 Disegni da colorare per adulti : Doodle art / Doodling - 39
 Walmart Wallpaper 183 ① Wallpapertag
* * *
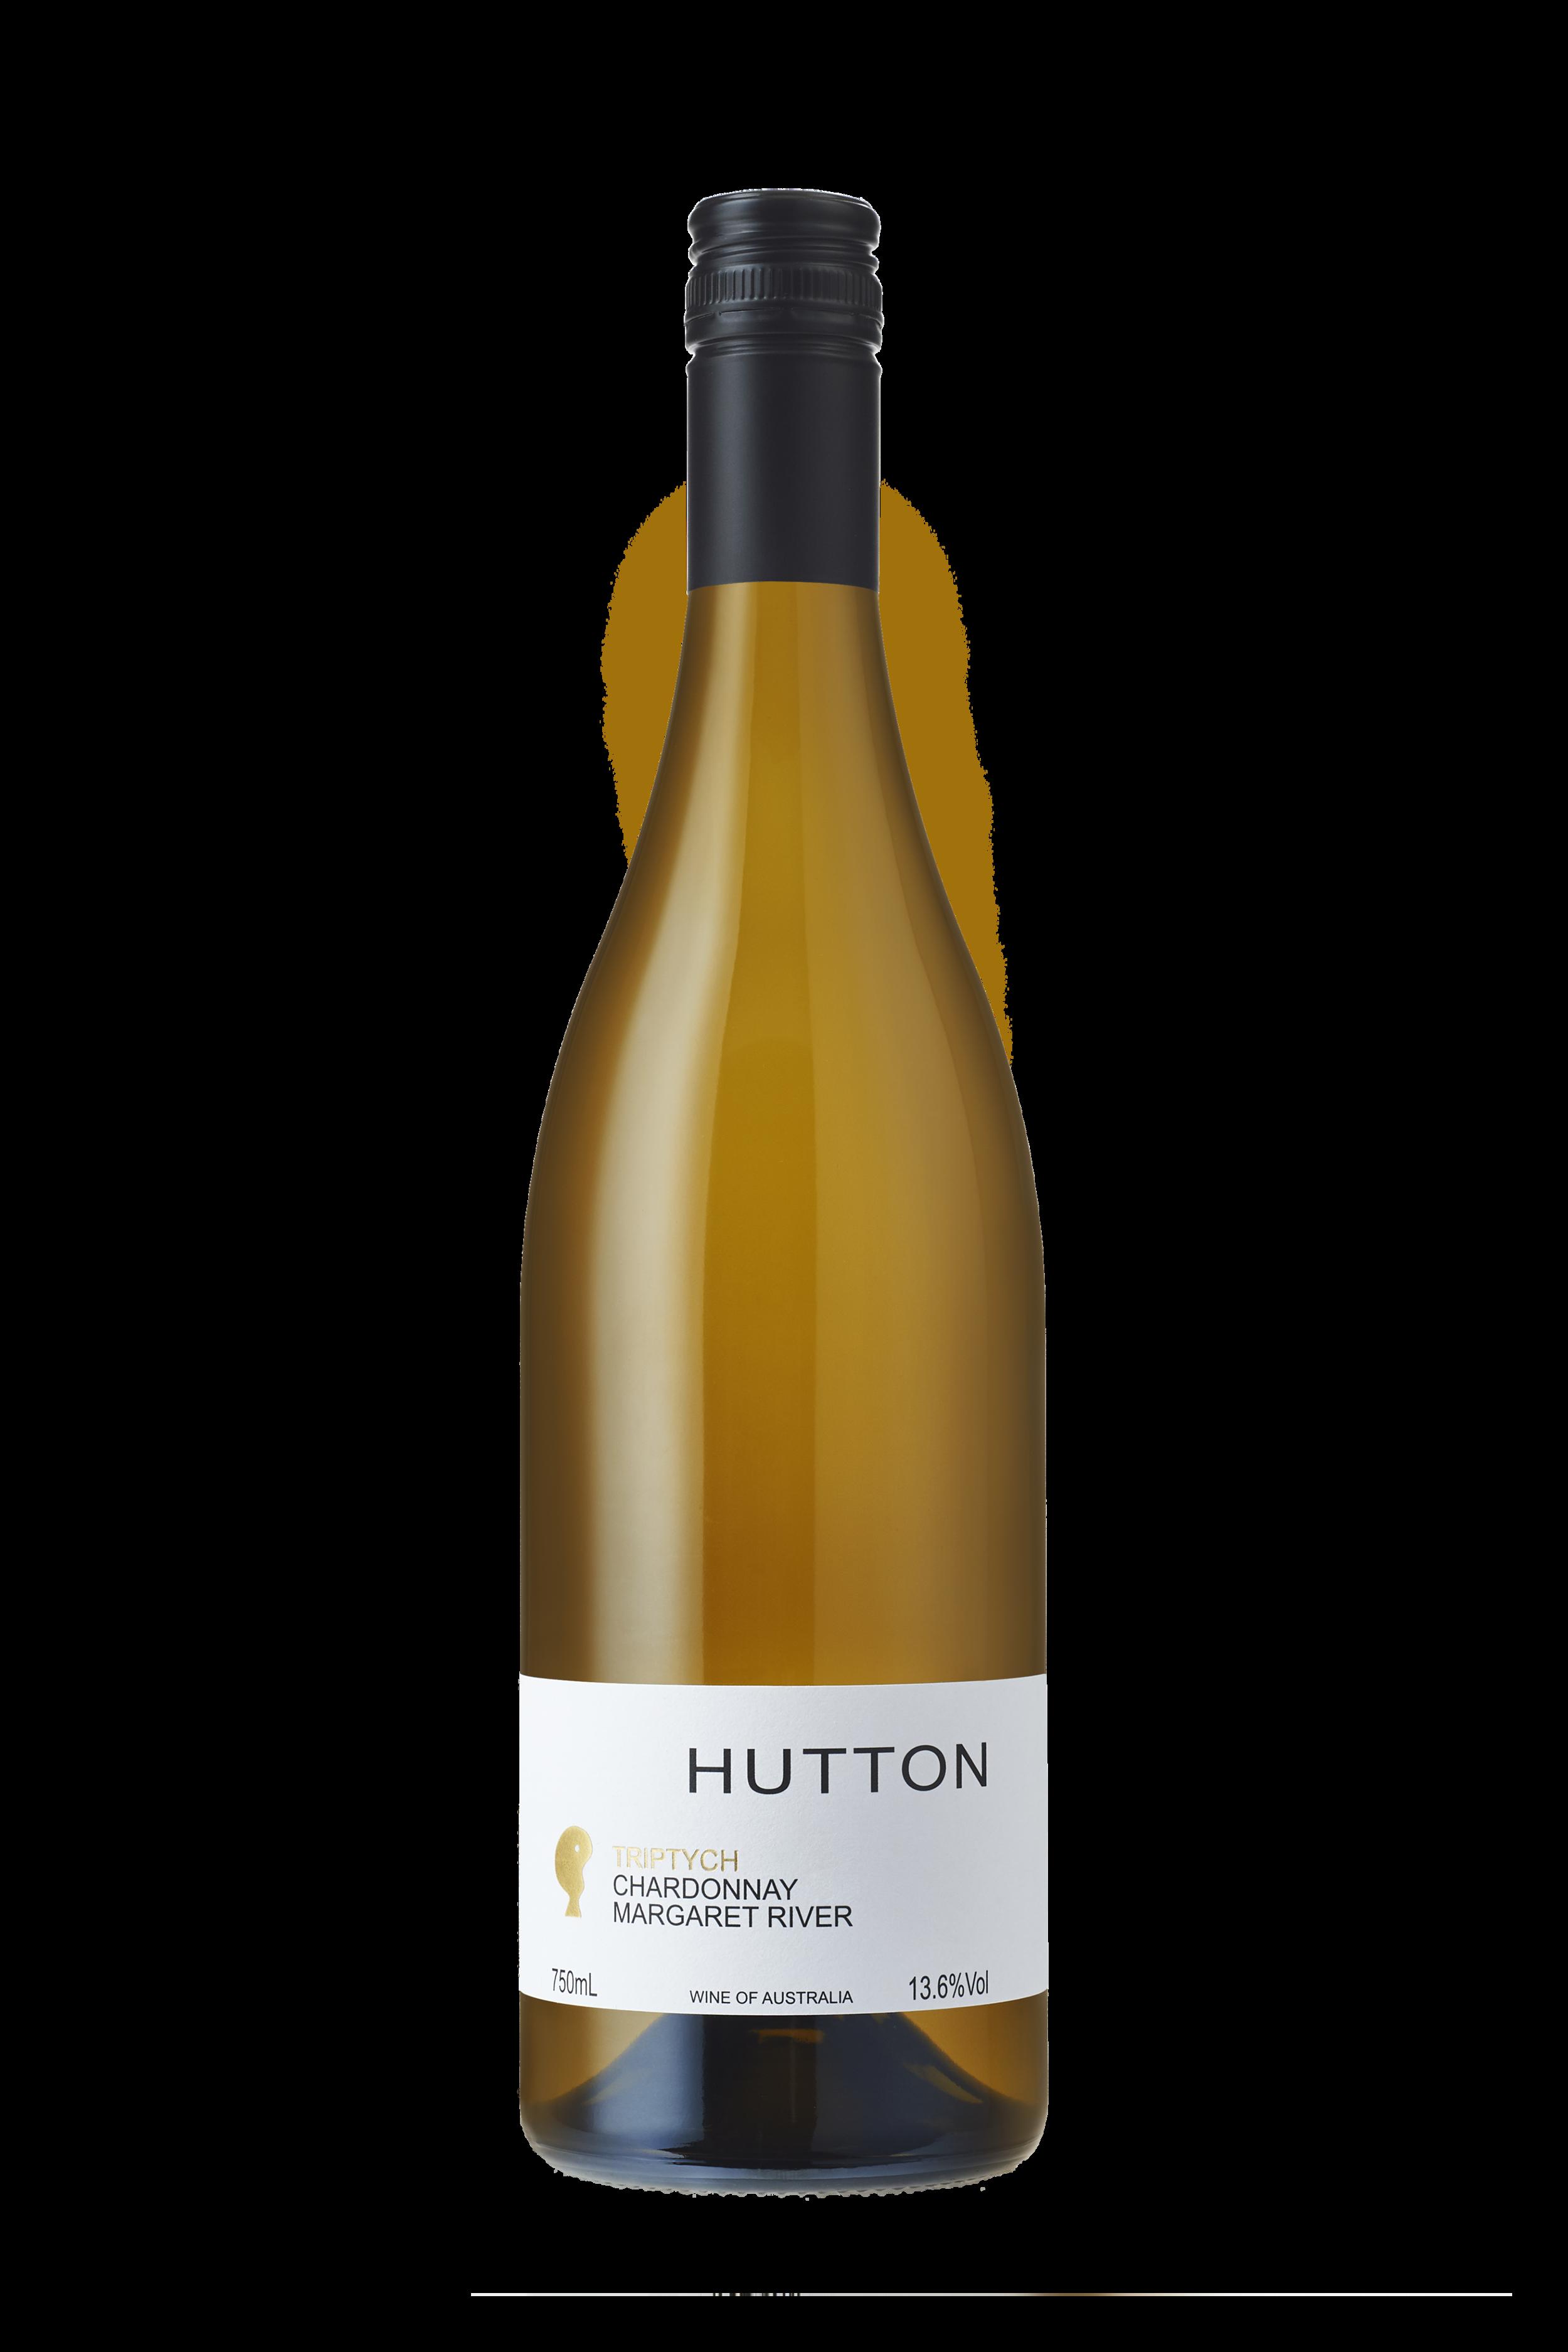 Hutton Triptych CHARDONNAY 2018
* * *
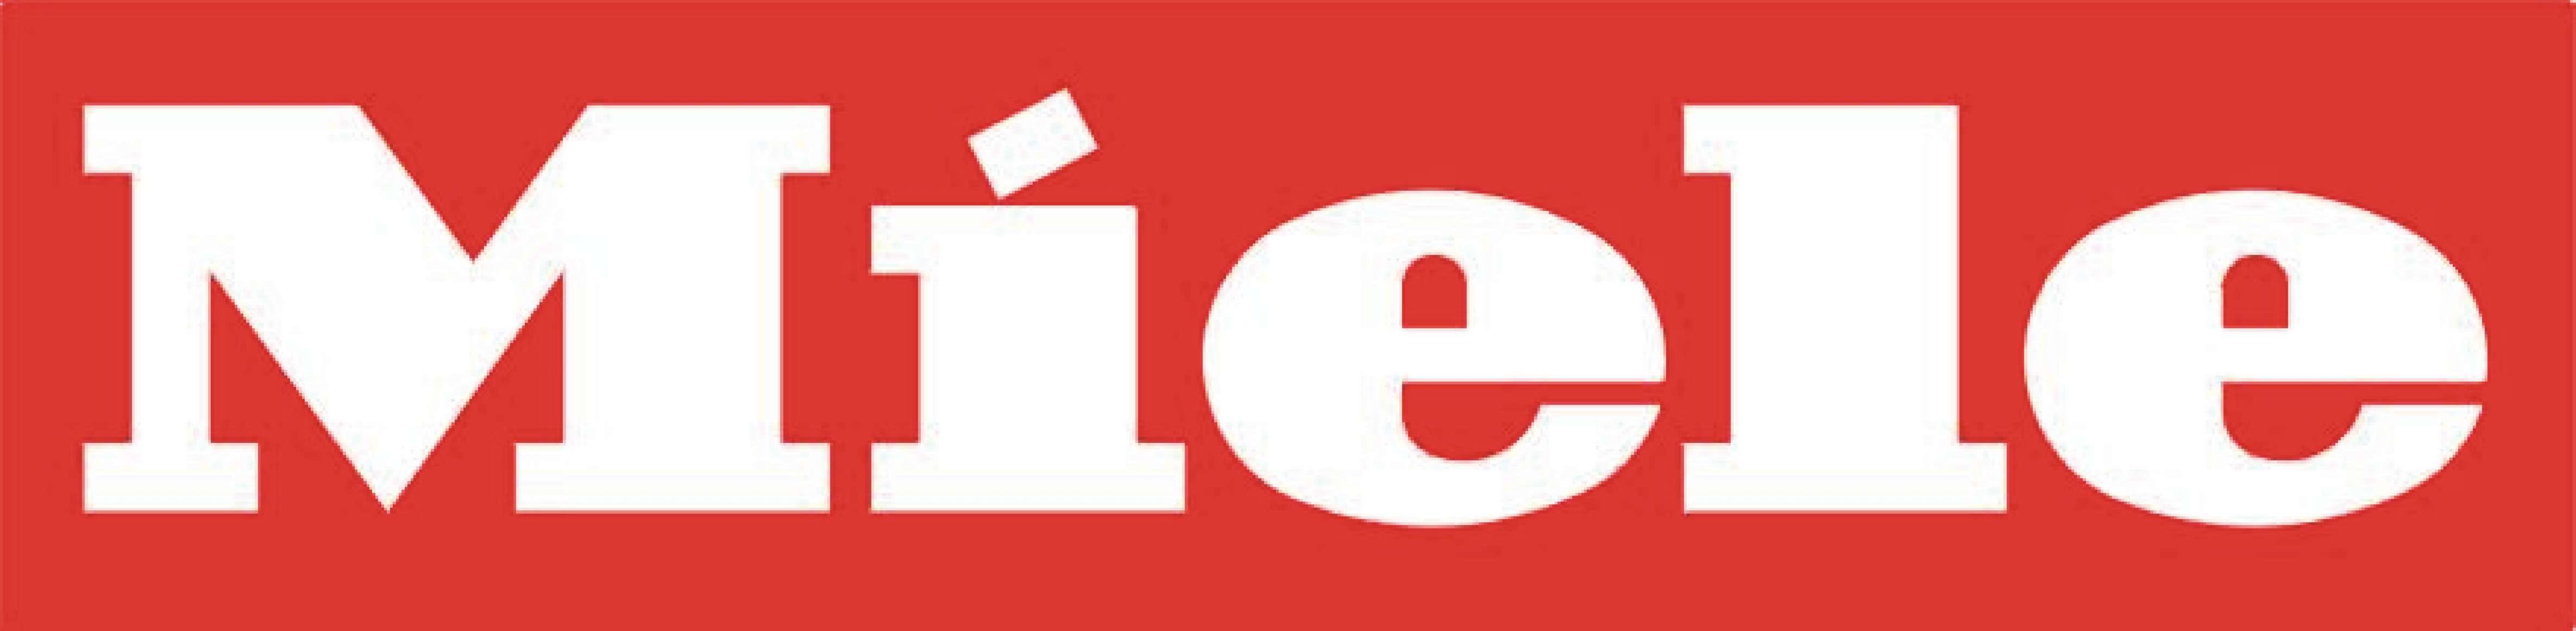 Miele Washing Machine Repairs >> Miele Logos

- Assigned task: In the listing above, locate the line containing "Disegni da colorare" and the line containing "Walmart Wallpaper 183 ① Wallpapertag". Transcribe those two lines and everything between them, exactly as written.

- Task result:
 Disegni da colorare per adulti : Doodle art / Doodling - 39
 Walmart Wallpaper 183 ① Wallpapertag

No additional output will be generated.